Chinese Prescription Kangen-karyu and Salviae Miltiorrhizae Radix Improve Age-Related Oxidative Stress and Inflammatory Response through the PI3K/Akt or MAPK Pathways

This study examined whether Kangen-karyu and its crude drug, Salviae Miltiorrhizae Radix, have a reno-protective effect on the age-related oxidative stress and inflammatory response through the phosphoinositide 3-kinase (PI3K)/Akt or mitogen-activated protein kinase (MAPK) pathways in aged rats. Kangen-karyu or Salviae Miltiorrhizae Radix (20 mg/kg body weight/day) was administered orally to old groups of rats for 16 days, and their effects were compared with the vehicle-treated old and young rats. The administration of Kangen-karyu caused a slight decrease in the serum glucose level and a significant decrease in the serum insulin level in the old rats.
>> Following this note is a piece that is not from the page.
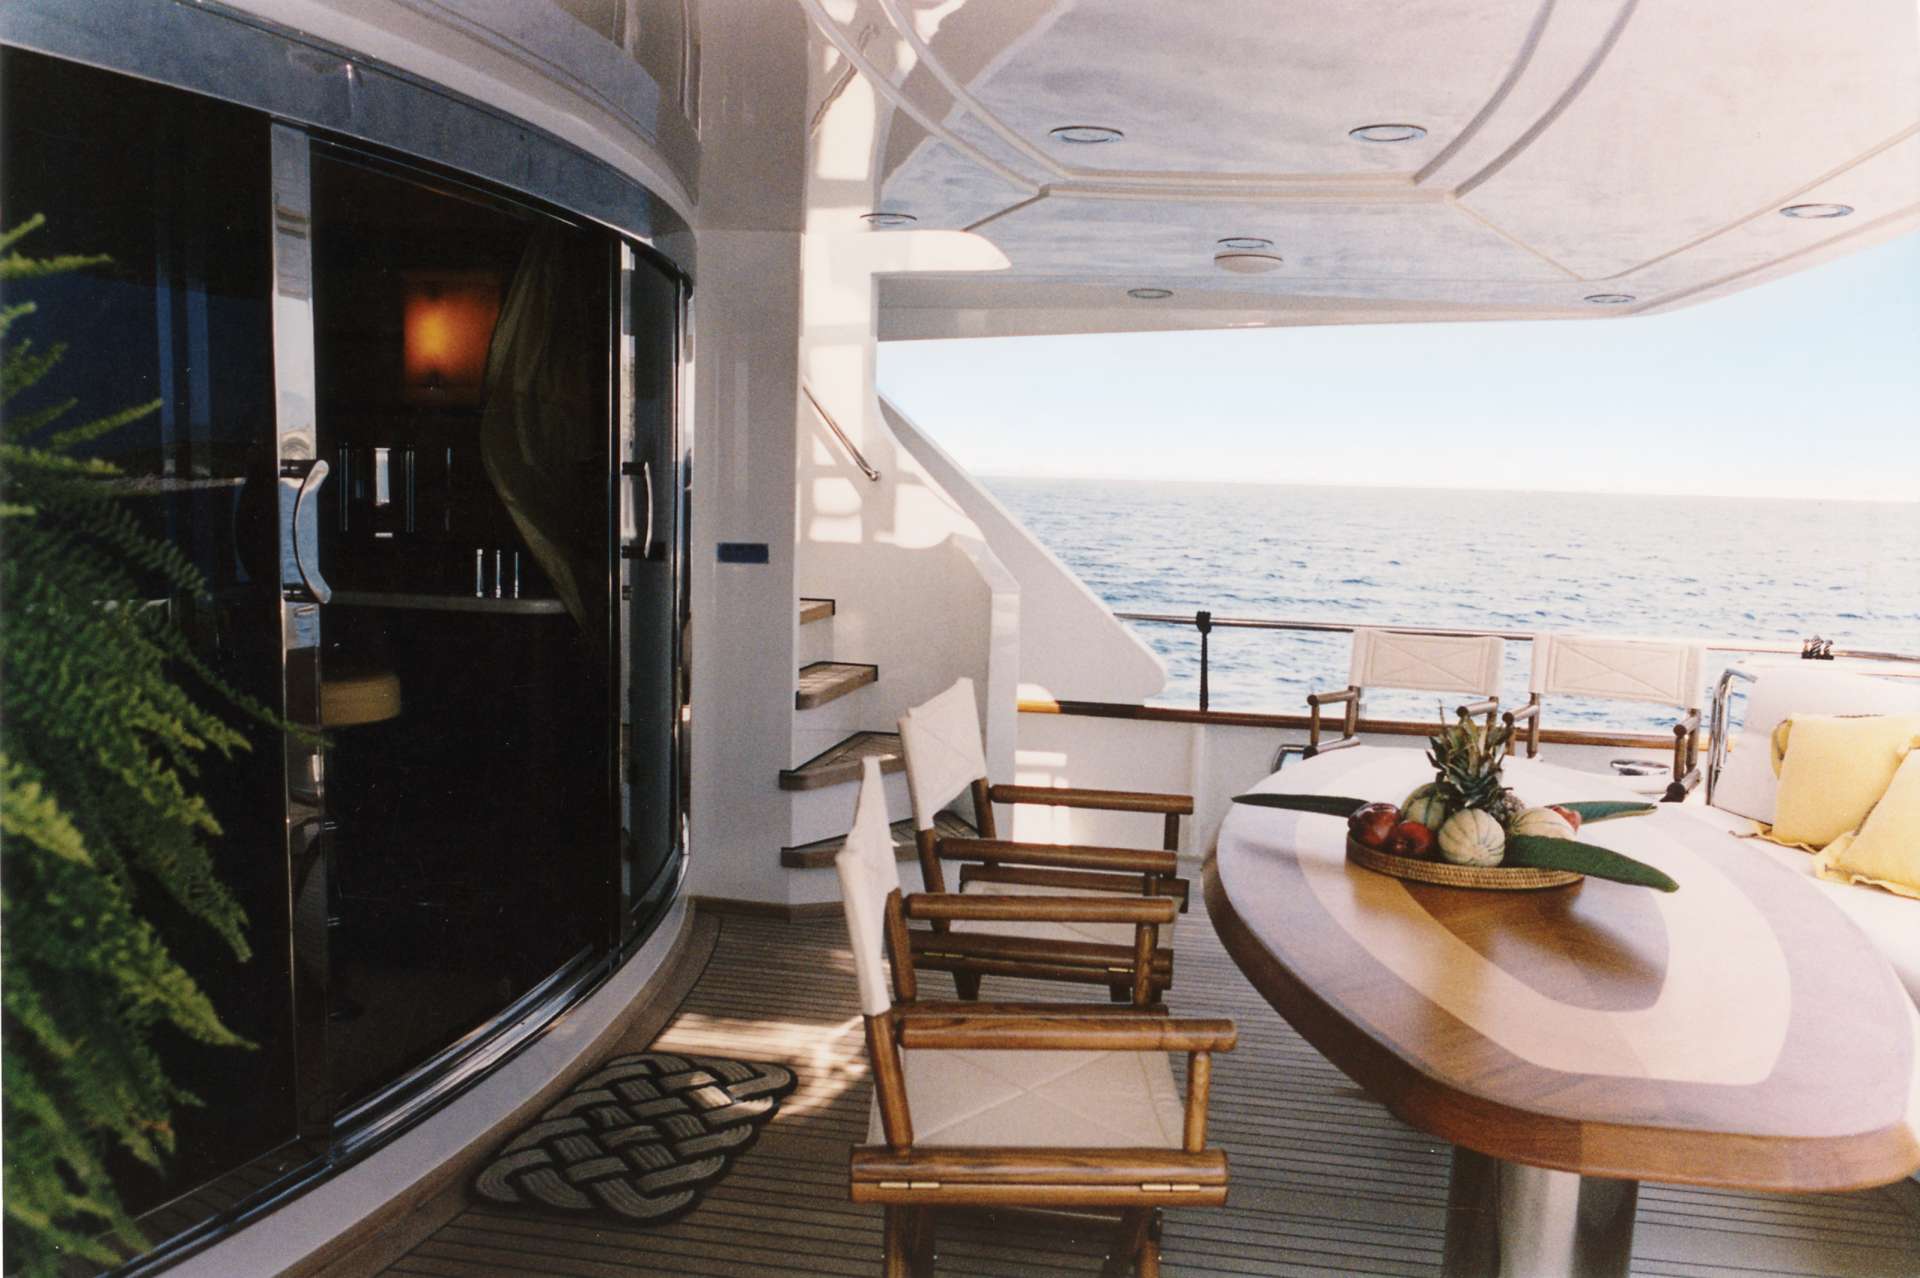 Aft Deck With Table And Chairs

The increased levels of serum renal functional parameter (urea-nitrogen) and oxidative parameter were significantly reduced by both Kangen-karyu and Salviae Miltiorrhizae Radix. The old rats exhibited a dysregulation of the protein expression related to insulin resistance, oxidative stress, and inflammation in the kidneys, but Kangen-karyu administration significantly reduced the expression of the inflammatory proteins through the PI3K/Akt pathway. On the other hand, the Salviae Miltiorrhizae Radix-treated old rats showed a decrease in the inflammatory cytokines through the MAPK pathway. These results provide important evidence that Kangen-karyu and Salviae Miltiorrhizae Radix have a pleiotropic effect on the PI3K/Akt and MAPK pathways, showing renoprotective effects against the development of inflammation in old rats. This study provides scientific evidence that Kangen-karyu and Salviae Miltiorrhizae Radix improve the inflammatory responses via the PI3K/Akt or MAPK pathways in the kidney of old rats.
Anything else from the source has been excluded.